Recently I’ve noticed my reluctance to adjust. As someone with a fair amount of tightness in the body, it is not uncommon that I find myself uncomfortable in a pose while on my mat. I’m not referring to the kind of discomfort that is productive – the kind that signals that I am challenging my muscles through strengthening and/or stretching. It’s the kind of minor discomfort that distracts me from actively focusing my energy where it should be. It’s the tightness that I feel in my shoulders when I pull my arms too close together in savasana. It’s the tension that I get in my neck when when looking up towards my fingertips in triangle pose. It’s the little things that I could easily fix if I took the time to adjust.

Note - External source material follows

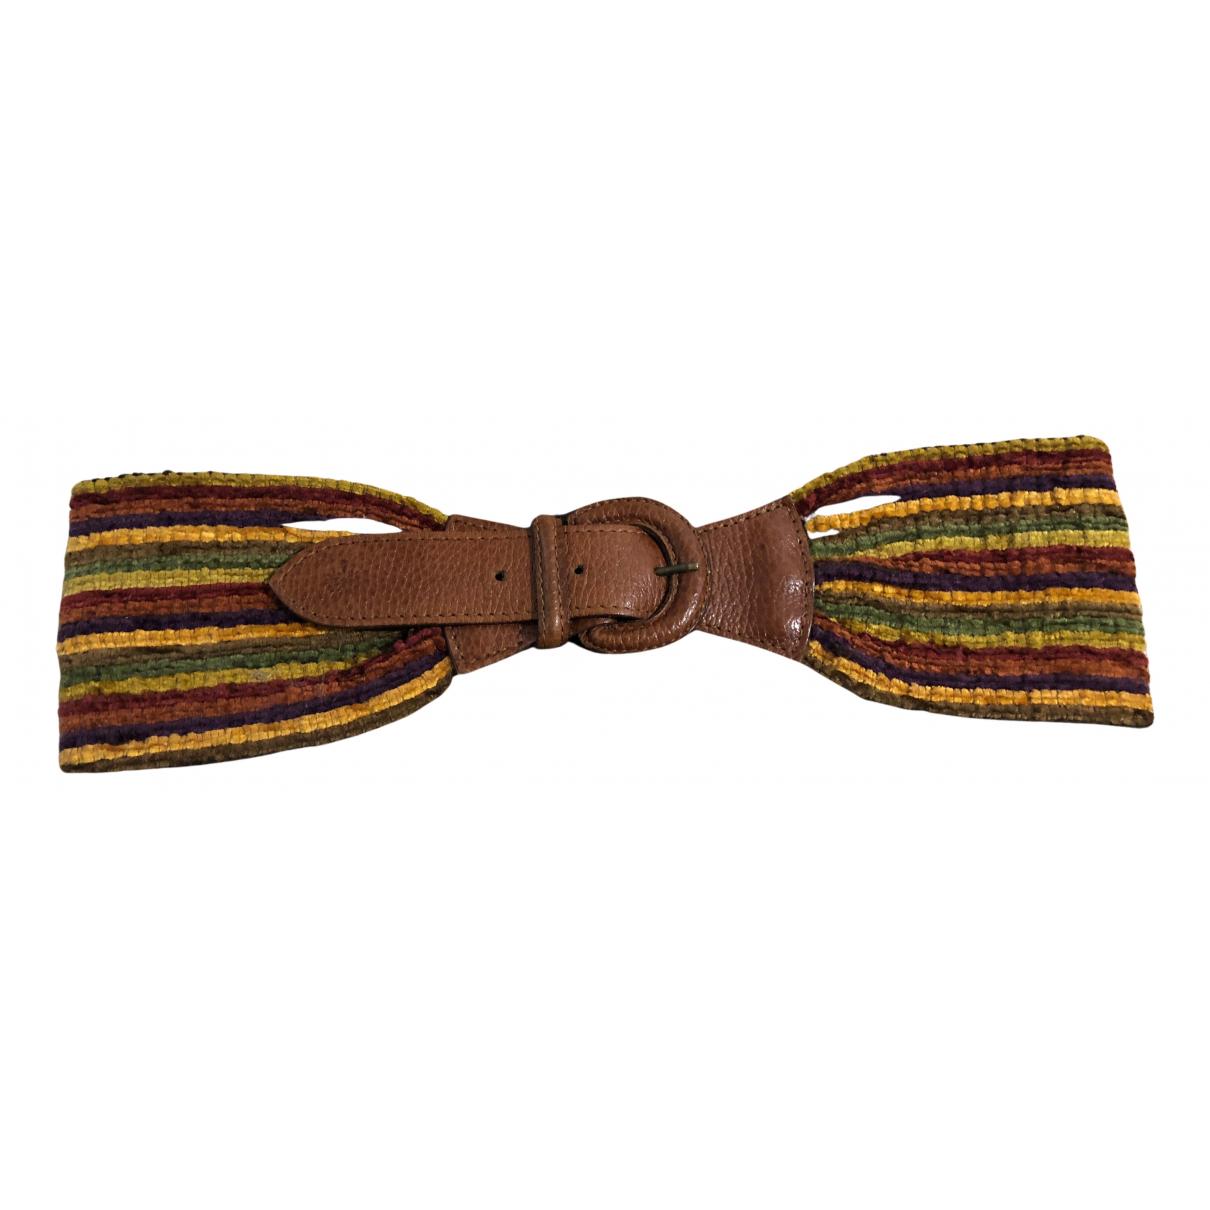 Mulberry N Multicolour Cloth belt for Women 70 cm

Clearly I notice these discomforts. I’ve noticed them for a while. But it’s only recently that I’ve noticed how often I ignore them. “We won’t be in this pose too long,” I think. “I’ll just push through.” I’ve begun to think about my reluctance to adjusting and if/how this tendency shows up for me off of the mat.
How often do I find myself in an uncomfortable situation – a situation where I am clearly unhappy in some way – and rather than respond to it, I simply wait it out? What are the consequences of this and perhaps more importantly, why am I so inclined to ignore my own unhappiness?
When I think about this in a larger life context, I realize how important it is to not only check-in, but to actually respond accordingly. While I have spent years training myself to check in with myself through my yoga and meditation practices, I now have to push myself to actually do something based on the knowledge that this introspection yields.
Given where I am in life – 3 years into a 5-7 year degree, unsure of both what I’m seeking professionally and what opportunities exist – I realize how crucial is it for me to adjust. At this stage of my life, I am making decisions about where I want to go in this world and what I want my life to be like. I am setting the foundation upon which I will begin to build my dreams. It is more important than ever that I better learn what makes me happy and what causes me suffering in order to effectively design my path to contentment.
I cannot continue to acknowledge my suffering – no matter how seemingly insignificant- and be passive. While I may not always be able to immediately alleviate my discomfort in its entirety, attempting is of the utmost importance for it is through these attempts that we grow into ourselves and bring our dreams to fruition.